Best Practices for Data Science Project Workflows and File Organization

⭐ Star us on GitHub — it helps!

To ensure replicability and traceability of scientific claims, it is essential that the scientific publication, the corresponding data sets, and the data analysis are made publicly available. All software should be openly shared and directly accessible to others. Publications should highlight that the code is freely available in, for example, Github. This openness can increase the chances of getting the paper accepted for publication. Journal editors and reviewers receive the opportunity to reproduce findings during the manuscript review process, increasing confidence in the reported results. Once the paper is published, your work can be reproduced by other member of the scientific community, which can increase citations and foster opportunities for further discussion and collaboration.
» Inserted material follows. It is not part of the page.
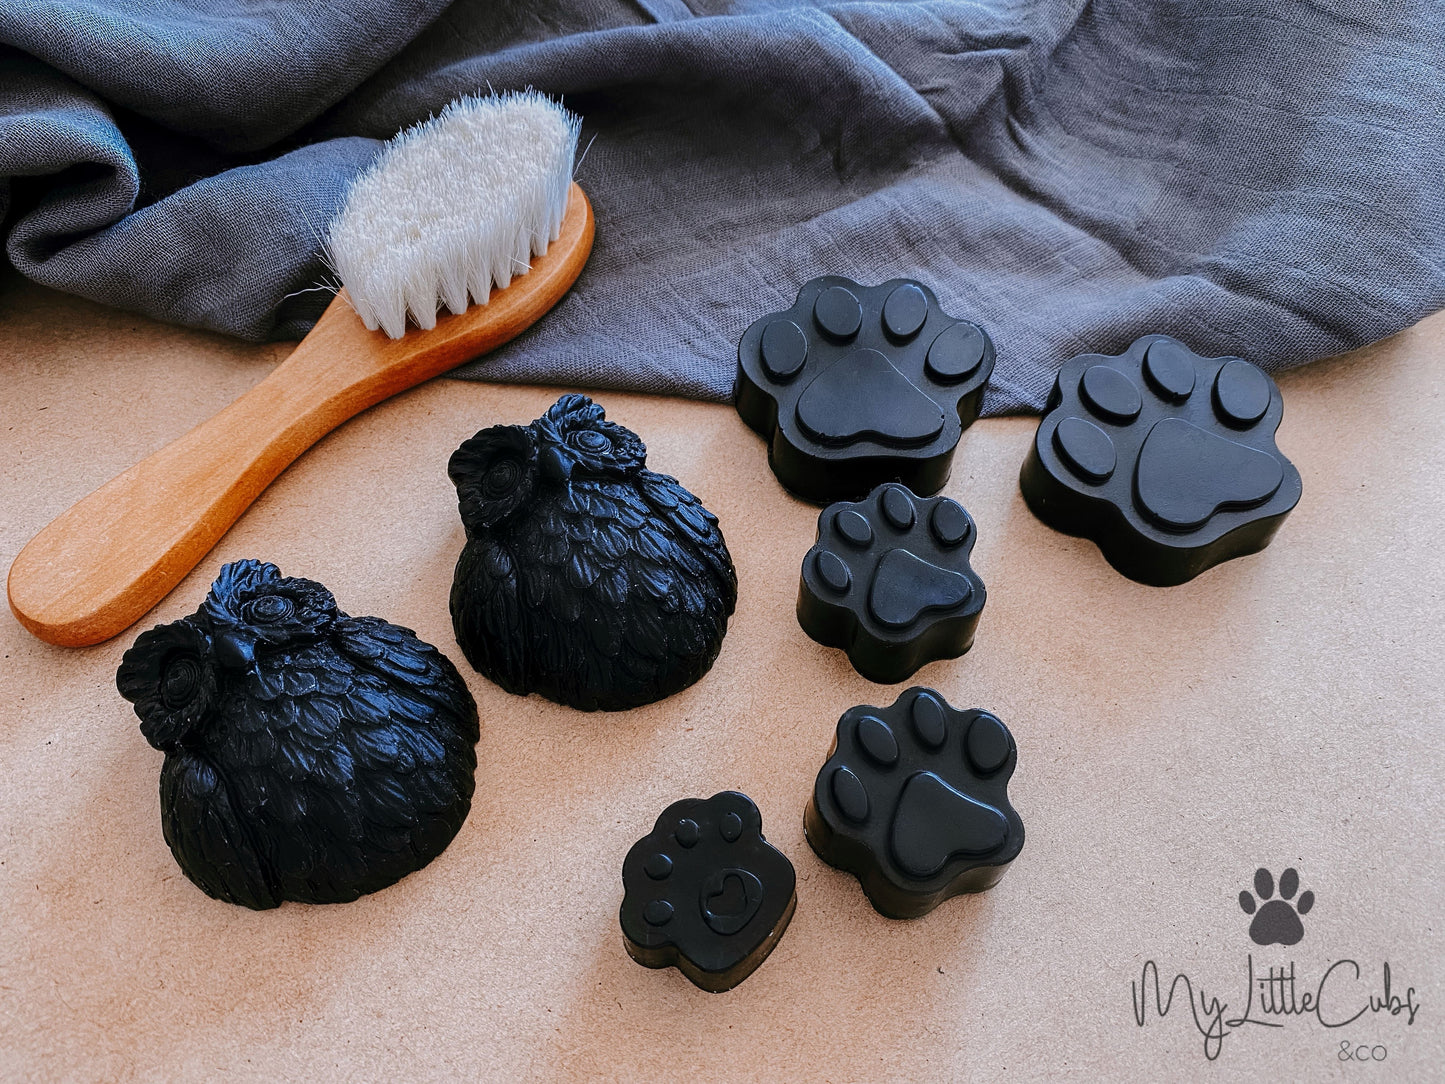 Handcrafted Vegan Activated Charcoal Soap

Basic workflow of data analysis


Not every data analysis is the same and but this is a useful template for what the pieces of a data analysis are and how they flow together.

  • Define question
  • Determine what data you can access
  • Obtaining the data
  • Cleaning the data
  • Exploratory data analysis
  • Statistical prediction/modeling
  • Interpretation of results
  • Challenging of results
  • Synthesis and write up
  • Creating reproducible code

Creating a project skeleton


Linux


Create a project directory and nested sub directories with a one-liner in the Terminal:

mkdir -p hsapiens-snps/{data/{raw,tidy},refs,src,bin,analysis,figures}  # no spaces between subdirectories

terminal GIF

  • All of your raw data goes into raw # Compress (gzip file.fasta) and read-only (chmod 400 file.fasta).
  • All of your post processed data goes into tidy
  • Reference Data (e.g. Genomes/Transcriptomes) go into refs
  • Source code for downloaded tools go into src
  • Scripts you’ve written and compiled binaries go into bin
  • All of the intermediary files generated, should go into analysis folder.
    • You can then logically separate sub projects (e.g. sequencing-data-qc, alignment-results-qc, diff-exp-analysis, etc.)

R


There are a few differences between standard skeletons on terminal and R.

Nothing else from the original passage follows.